- PROBLEM TO WORK ON
Show the lines below where "gold" occurs.

Data items:
□ □ □ □ □ □ □
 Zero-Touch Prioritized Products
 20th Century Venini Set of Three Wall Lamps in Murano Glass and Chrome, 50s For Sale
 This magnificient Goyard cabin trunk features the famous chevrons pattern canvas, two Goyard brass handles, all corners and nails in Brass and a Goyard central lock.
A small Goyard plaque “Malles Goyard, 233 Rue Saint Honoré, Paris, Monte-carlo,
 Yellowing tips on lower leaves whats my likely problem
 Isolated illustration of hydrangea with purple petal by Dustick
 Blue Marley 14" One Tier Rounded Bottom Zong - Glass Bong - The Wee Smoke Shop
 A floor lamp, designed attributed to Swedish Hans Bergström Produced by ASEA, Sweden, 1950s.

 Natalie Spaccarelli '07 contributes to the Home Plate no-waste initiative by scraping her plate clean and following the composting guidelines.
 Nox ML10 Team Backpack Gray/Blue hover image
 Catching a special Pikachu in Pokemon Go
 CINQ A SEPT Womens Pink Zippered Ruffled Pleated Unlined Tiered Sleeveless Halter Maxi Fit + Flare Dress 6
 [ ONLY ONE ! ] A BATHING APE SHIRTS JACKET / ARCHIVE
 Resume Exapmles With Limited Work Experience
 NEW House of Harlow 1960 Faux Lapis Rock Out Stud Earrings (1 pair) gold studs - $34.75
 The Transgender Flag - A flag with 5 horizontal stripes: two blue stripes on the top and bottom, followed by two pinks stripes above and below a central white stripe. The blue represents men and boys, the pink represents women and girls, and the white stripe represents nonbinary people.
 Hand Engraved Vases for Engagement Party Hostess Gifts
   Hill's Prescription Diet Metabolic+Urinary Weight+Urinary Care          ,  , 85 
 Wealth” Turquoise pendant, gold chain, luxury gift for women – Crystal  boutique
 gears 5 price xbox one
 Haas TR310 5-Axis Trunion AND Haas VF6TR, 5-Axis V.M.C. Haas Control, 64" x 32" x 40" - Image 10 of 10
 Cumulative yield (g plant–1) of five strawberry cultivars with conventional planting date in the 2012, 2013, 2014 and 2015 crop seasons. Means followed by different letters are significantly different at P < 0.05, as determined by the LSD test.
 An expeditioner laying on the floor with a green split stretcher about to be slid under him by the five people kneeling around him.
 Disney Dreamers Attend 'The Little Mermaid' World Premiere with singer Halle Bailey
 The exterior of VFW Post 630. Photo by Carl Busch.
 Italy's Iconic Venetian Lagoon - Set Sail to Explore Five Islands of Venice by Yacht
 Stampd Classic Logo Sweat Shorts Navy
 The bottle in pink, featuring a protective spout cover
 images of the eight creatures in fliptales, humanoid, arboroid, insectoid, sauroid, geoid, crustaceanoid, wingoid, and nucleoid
□ □ □ □ □ □ □
- ANSWER FOR THIS EXERCISE
 NEW House of Harlow 1960 Faux Lapis Rock Out Stud Earrings (1 pair) gold studs - $34.75
 Wealth” Turquoise pendant, gold chain, luxury gift for women – Crystal  boutique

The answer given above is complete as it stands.